Including[footnote needed]:
agricultural land - 36.5%:
arable land - 25.8%
meadows - 6.0%
pastures - 4.3%
orchards - 0.4%
forests - 0.4%.
In 1975-1998, the city administratively belonged to Legnica Province.
Development division
Division into settlements[6].
Osiedle Kopernik
Kopernik settlement
Glogow consists of the following settlements:
Brzostow,
Chrobry,
Hutnik,
Kościuszki,
Kopernik,
Krzepow,
Nosocice,
St. Paulines,
Silesian Piasts,
Sunny,
Downtown,
Sightseeing.
And districts/villages within the city limits:
Biechów,
Wróblin Glogowski,
Zukowice[6].
Neighboring municipalities
Głogów (rural municipality), Jerzmanowa, Kotla, Żukowice.
Natural environment
The natural assets of the city include plant and animal cover, soils, waters and a varied landscape. The greenery system consists of parks (around the Old Town and the Sepolno Canal), riparian greenery along the Oder River and in Ostrow Tumski, small forest complexes, allotment gardens and, in recent years, a system of isolation greenery around the copper smelters. There are sixteen natural monuments within the city[7]. The riverside areas are biologically active complexes and are a sanctuary for waterfowl.

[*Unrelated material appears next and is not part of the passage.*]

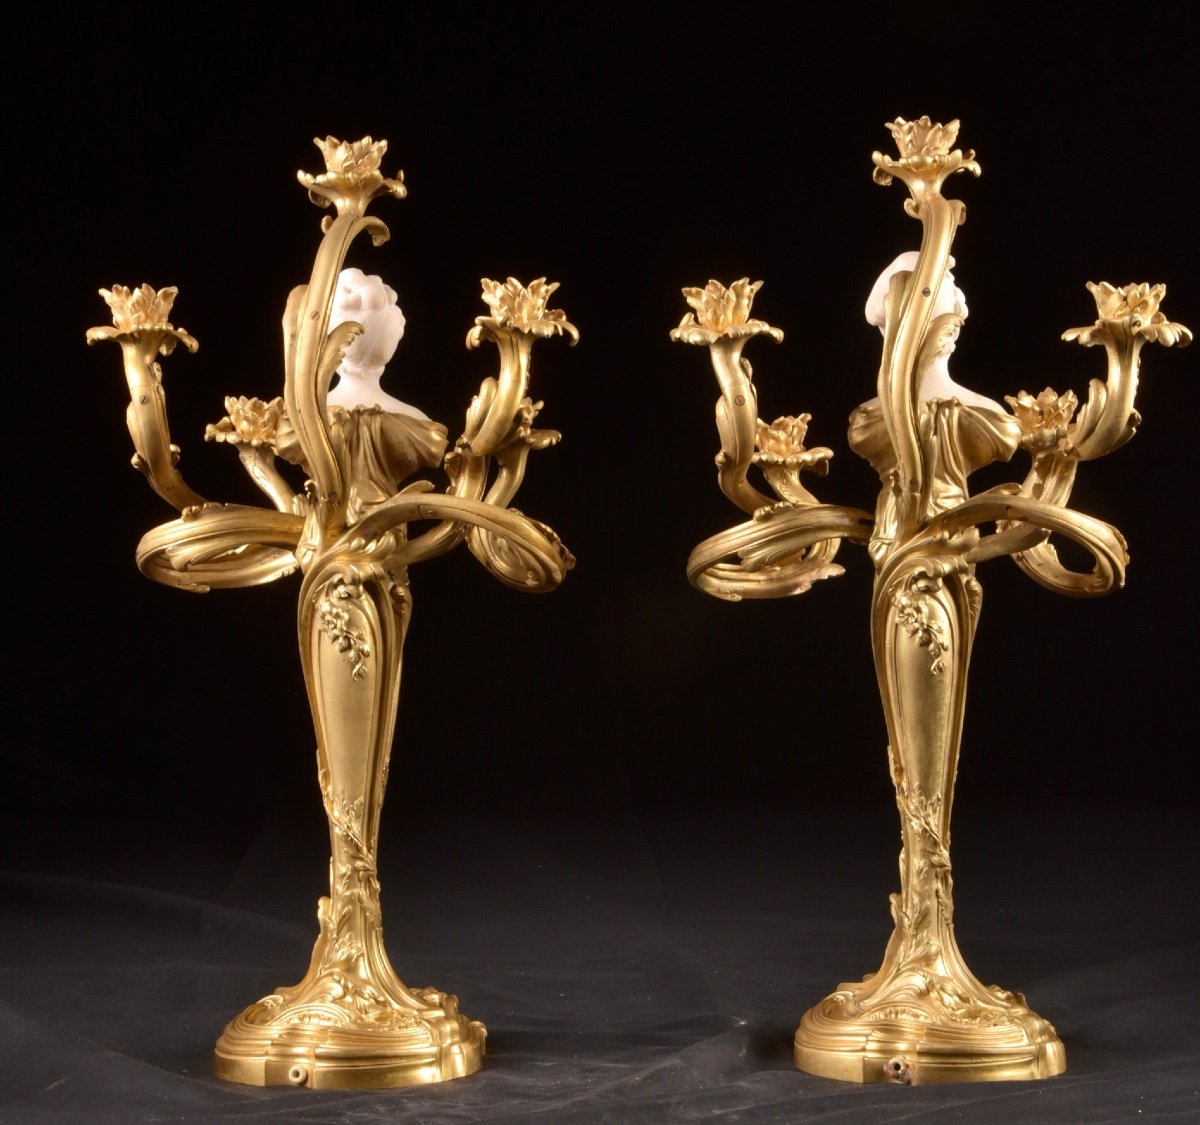 A Large Rare Pair Of 19th Century Louis XVI Style Five-armed Candlesticks-photo-2

The riverside areas are biologically active complexes and are a sanctuary for waterfowl. The basic plant complexes are found in the following main groups (W.Szafer):
vegetation of the Oder valley floor, which is formed by willow thickets. The higher terraces of the Oder valley are mostly occupied by meadows and forests (mostly deciduous),
the vegetation of the Dalkowskie Hills, near which run the limits of the natural range of trees (mountain spruce, fir, gray alder). The hills are overgrown with spruce and beech forests,
to the south and southwest of the Dalkov Hills belt stretches a uniformly flat land of peat bogs.
The quality of the environment significantly affects the well-being and health of its residents. In general, it has been improving in recent years. Pro-environmental investments at the Copper Smelter ("Modernization of the Lead Division", "Desulfurization Installation of HM "Glogow" Combined Heat and Power Plant") and the increasing use of ecological fuels for heating and technological purposes have reduced emissions of pollutants into the atmosphere.
Odra in Glogow
Demographics
Wikipedia:Verifiability
This section from 2009-01 requires verification of the information provided.
Reliable sources should be cited, preferably in the form of bibliographic footnotes.
Some or even all of the information in the section may be false. Being devoid of sources, they may be questioned and removed.
More precise information on what needs to be corrected can perhaps be found in the discussion of this section.
Once the imperfections have been eliminated, the {{Develop}} template should be removed from this section.
Separate article: Population of Glogow.
A graph of the population of the city of Glogow over the last 70 years.
The largest population of Glogow was recorded in 1996. - according to CSO data, 74,390 residents. Since 1996, the population of Glogow has decreased by 6374 people, caused by a negative migration balance.
Age pyramid of Glogow residents in 2014[8].
Glogow age pyramid.png
For another consecutive year, Glogow's population remains below 70,000 people. There are 2302 more women than men. There are 1122 people temporarily registered in the city. Compared to 2007, the number of residents decreased by 506 people (in 2007 there were 69,978).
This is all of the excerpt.